Fog. A distant chainsaw in one direction and in the other, rodent teeth. Amorous squirrels race back and forth over the white ground.
January 2010
1/16/2010
Day 3 of the thaw. A month’s worth of apple cores are beginning to surface. Inside on my computer screen, via webcam, a black bear sleeps.
1/15/2010
Out earlier than usual, it takes me much too long to understand why the cloudy sky is darker than the snow. Black coffee, enlighten me!
1/14/2010
Clear at sunrise, and just two degrees below freezing. A squirrel in the treetops touches its snout to the light’s leading edge.
1/13/2010
Quiet at mid-morning except for the yank, yank of a nuthatch and the creaking of trees in what feels like it could become a clearing wind.
1/12/2010
I can’t bring myself to sweep the new snow off the porch—such lovely stuff! But less than a minute later, I lapse into wool-gathering.
1/11/2010
Finishing my coffee, I walk to the edge of the porch and stop short: the western horizon is a dark battleship gray, an anti-sunrise.
1/10/2010
While chickadees call, a raven croaks, and snow glitters in the air, the sun steals above the horizon like a Hun, one blade at a time.
1/9/2010
The wind has erased all but three footprints of a deer trail across the yard.
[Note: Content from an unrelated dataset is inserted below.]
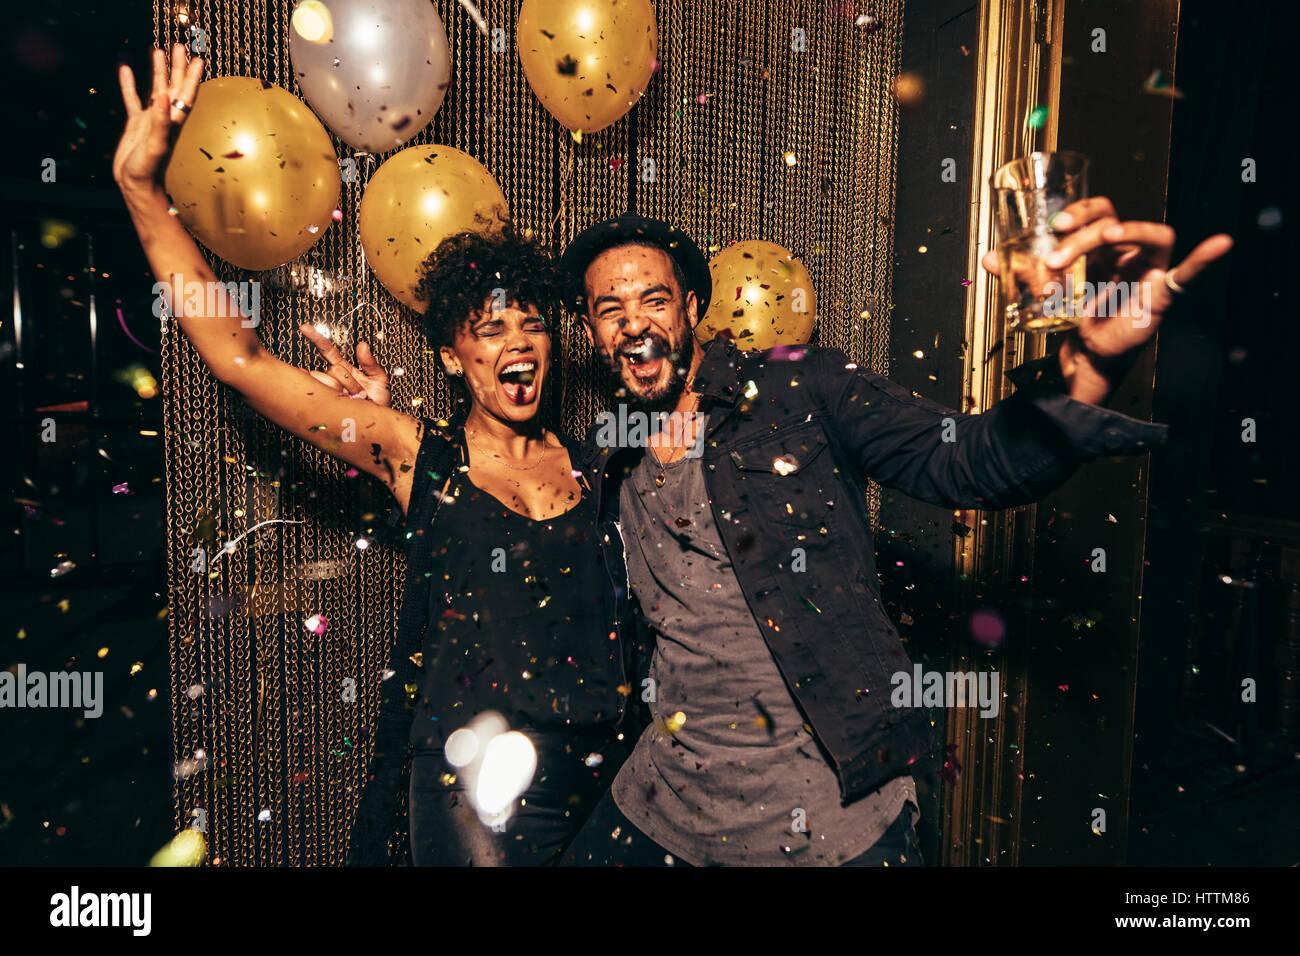 Schuss von energetischen Paare tanzen in der Diskothek. Junger Mann und Frau, die Spaß am Pub feiern. Stockbild

In winter, you don’t connect the dots—you supply the dots.
1/8/2010
A strong wind, and the branches let go of the snow they acquired overnight, big pieces sailing out and dissolving like boats made of salt.
1/7/2010
White above, white below, and the dried weedstalks in the yard a scale model of the woods. A wren circulates with a brief news bulletin.
1/6/2010
The wind was busy while I slept. Is this the same snow I swept off the porch yesterday? A nuthatch probes the cherry with its clinical bill.
1/5/2010
The close sweep of a woodpecker’s wings sets off a squirrel, who scolds for ten minutes until a male cardinal appears, red as a stop sign.
1/4/2010
My breath is so thick I can hardly see. Through the hood of my coat I can just make out a pileated woodpecker drumming a half-mile away.